Seattle, Washington currently boasts the highest-in-the-country minimum wage where workers employed by “large employers” must be paid $13 per hour. Last year, a city mandate raised that wage from $11 per hour to $13. This was the second wage increase in less than one year and on Monday, we learned that elected officials in Seattle may have gone too far in the latest social engineering experiment.
New research, conducted by economists at the University of Washington, shows that the $13 minimum wage has led to “steep declines in employment for low-wage workers and a drop in hours for those who kept their jobs. Crucially, the negative impact of lost jobs and hours more than offset the benefits of higher wages – on average, low-wage workers earned $125 per month less because of the higher wage.” Imagine that.
One of the authors of the study went on to say that “The goal of this policy was to deliver higher incomes to people who were struggling to make ends meet in the city. You’ve got to watch out because at some point you run the risk of harming the people you set out to help.”
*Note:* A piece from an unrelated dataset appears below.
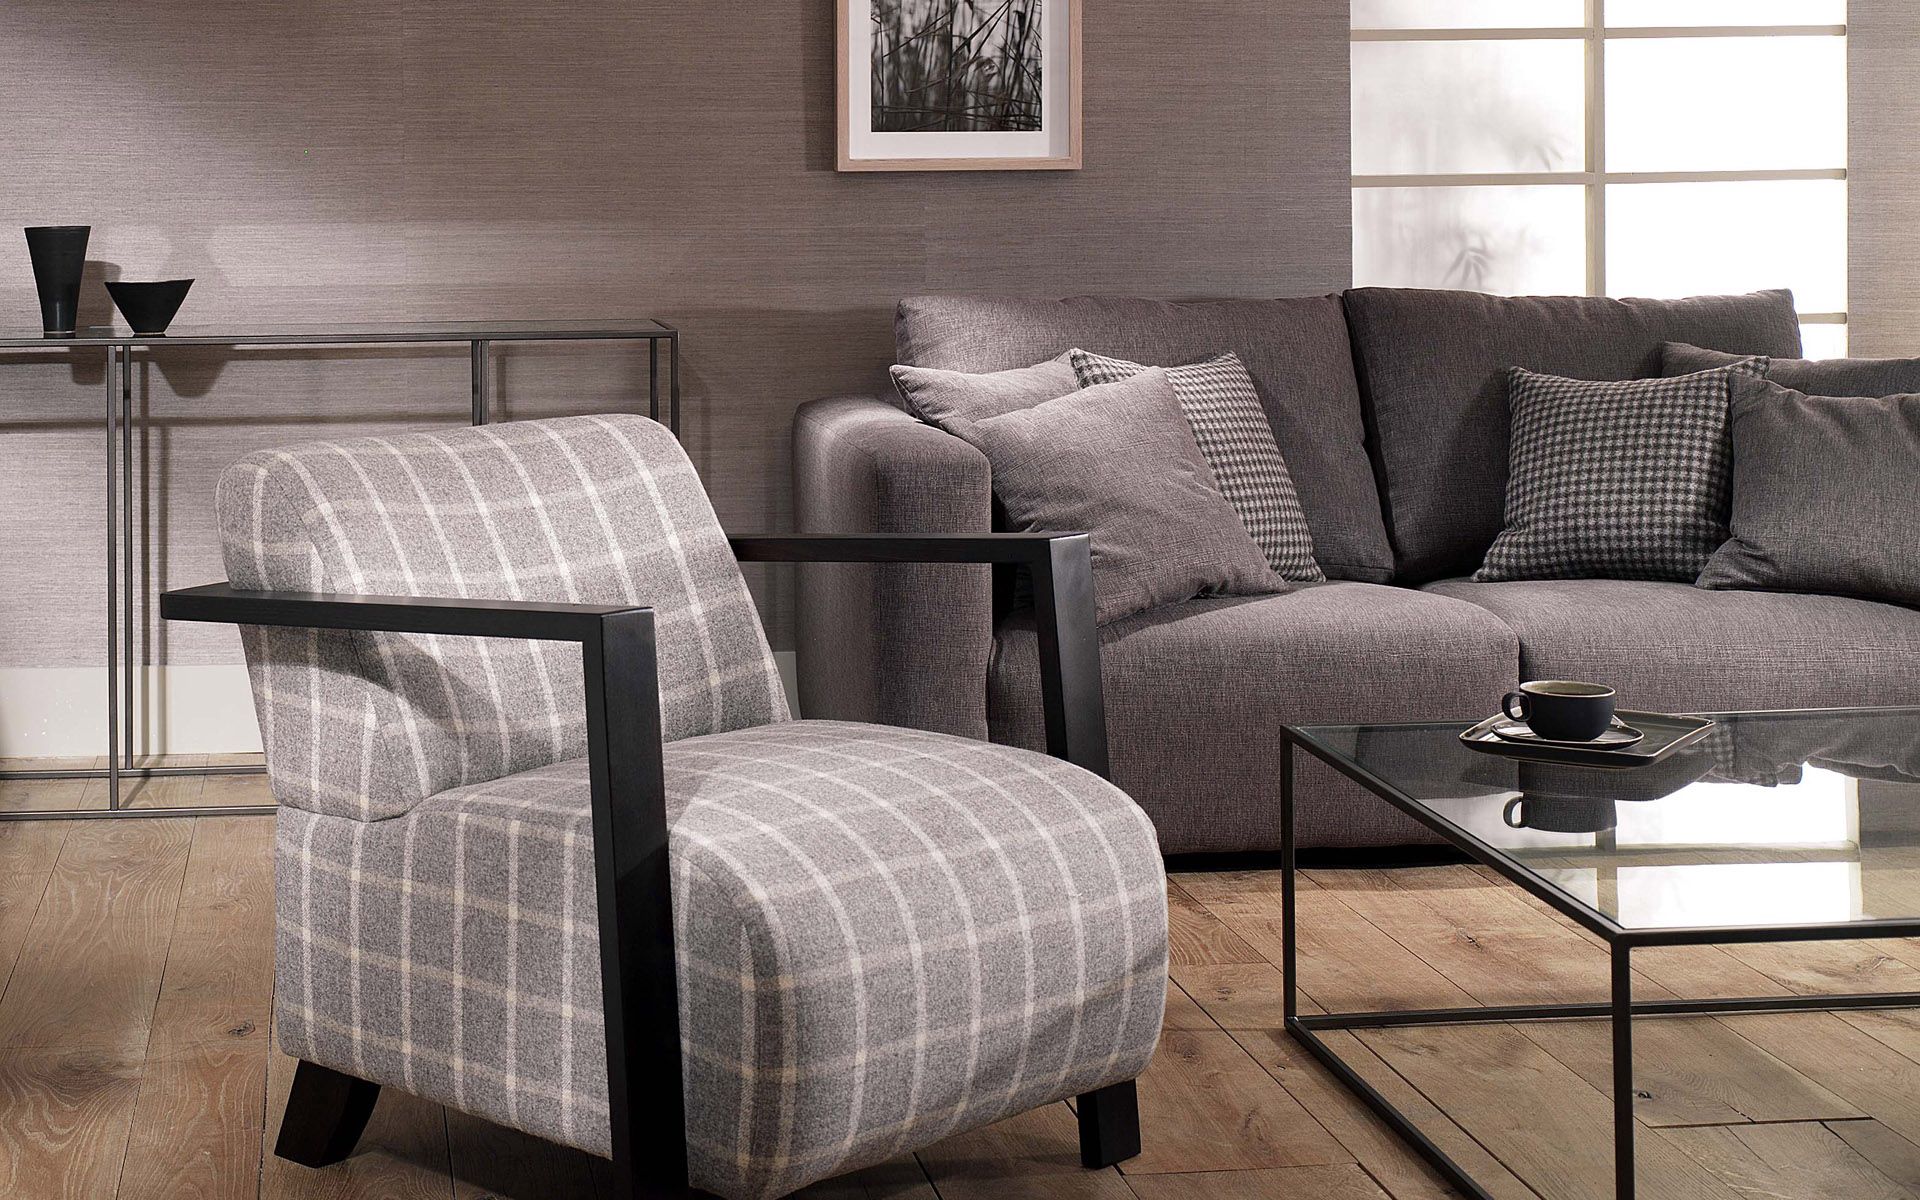 interior, miscellanea, miscellaneous, table, style, sofa, chairs, armchairs
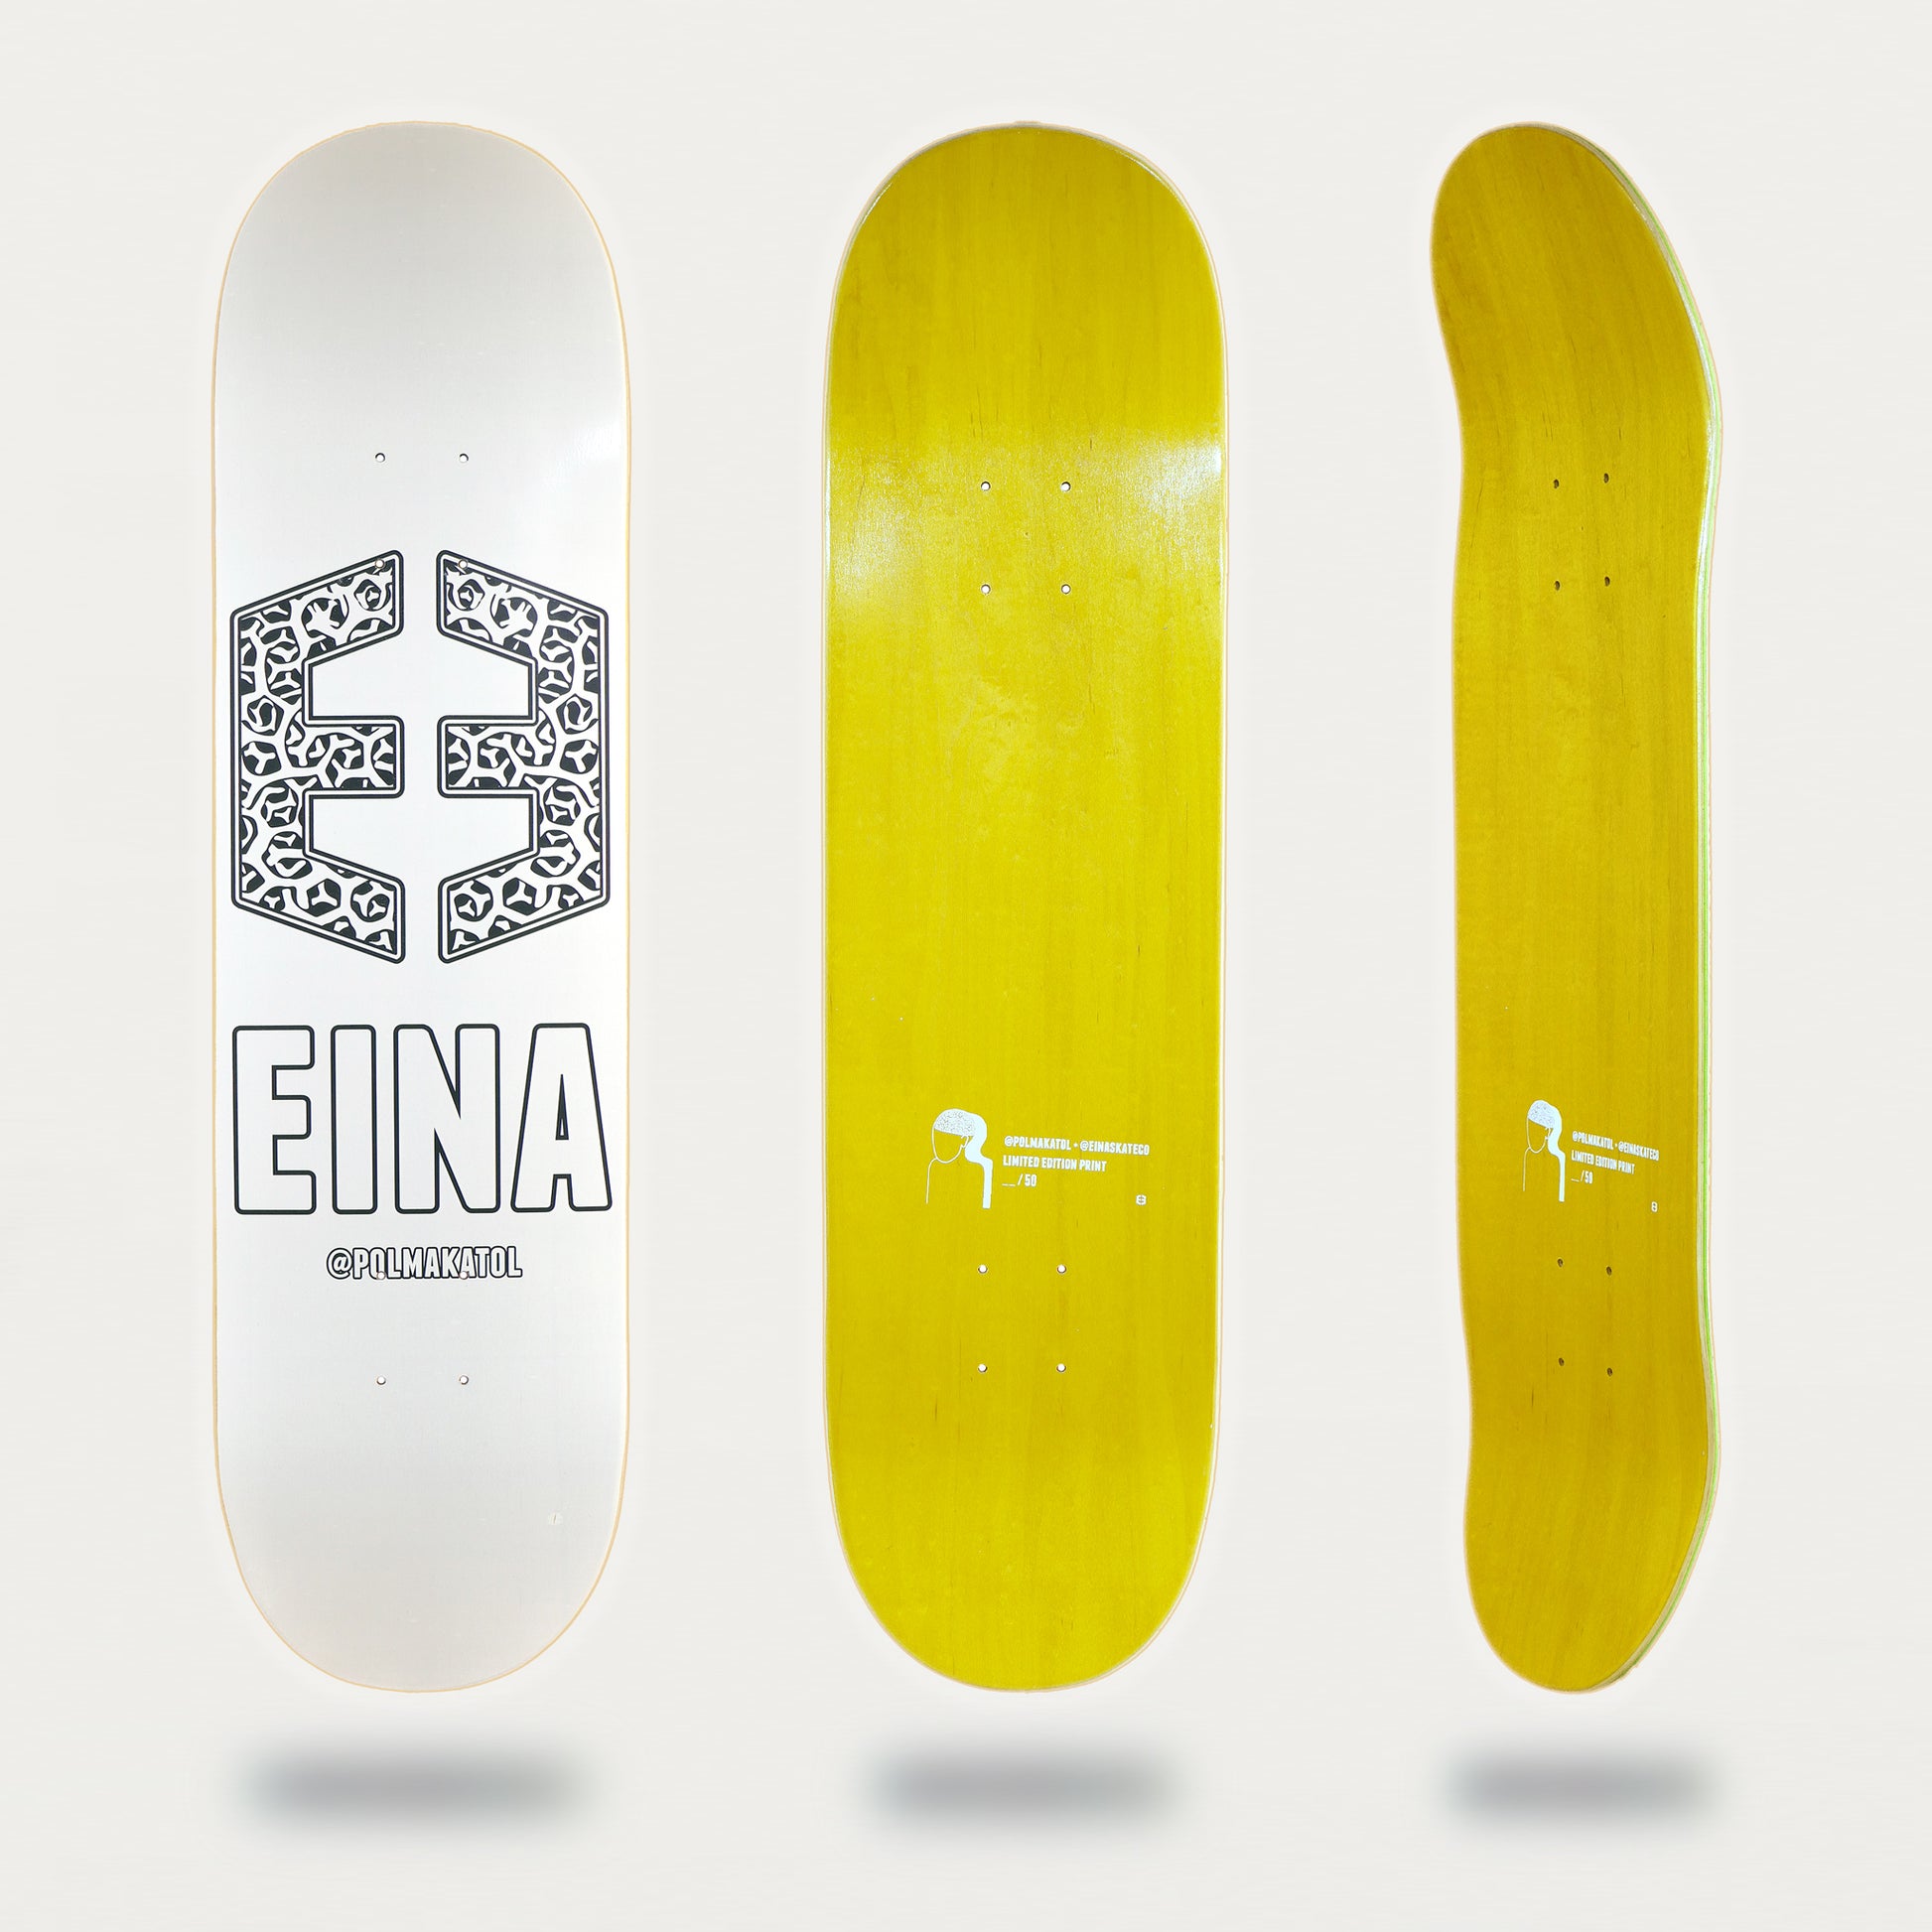 Tabla de Eina skateboard company Pol Amadó "makatol e-logo" 8,25 pulgadas

Yet the Seattle City Council has got nothing on the radicals who run Minneapolis city government. The Minneapolis city council will vote on Friday, June 30th at 9:30 am to increase the city’s minimum wage to $10.00 starting on July 1, 2018. By July 1, 2022, every worker in Minneapolis will be paid at least $15 per hour as voted on by the current Minneapolis City Council. One of their stated reasons for doing so is to help Minneapolis employees deal with “rising inflation” which, had any of them bothered to look, has been at 1.2% in 2016 and 0% in 2015. It is also important to note that every person who works at least two hours in any workweek while in the city of Minneapolis will be considered a Minneapolis employee and subject to these ever-increasing minimum wages.
Even left-leaning economists like Jaren Bernstein with the liberal Center on Budget and Policy Priorities stated that “literature shows that moderate minimum wage increases seem to consistently have their intended effects, [but] you have to admit that the increases that we’re now contemplating go beyond moderate.”
This report was released on top of news from San Francisco, an early adopter of a $15 minimum wage. San Francisco is currently experiencing “a restaurant die-off” that many attribute to the dramatic wage increase soon to take effect in that area. Restaurants typically have a very small profit margin and a huge increase in their cost of doing business appears to have driven many fine dining establishments out of business.
A recent study in San Francisco found that “ever $1 hike in the minimum wage brings a 14 percent increase in the likelihood of a 3.5-star restaurant on Yelp! closing.” Restaurant owners in San Diego say their minimum wage hike is “pushing them to the brink” as well.
Yet it’s unlikely that any actual facts will deter efforts by the radicals in Minneapolis city hall. My advice? Make dinner reservations now for all of your favorite city eateries. Get it done now and hope that suburban Hennepin County communities begin a recruitment campaign as soon as possible for your favorites. This city council seems determine to drive Minneapolis headfirst as fast as it can into an economic abyss. This is just their latest step towards that goal.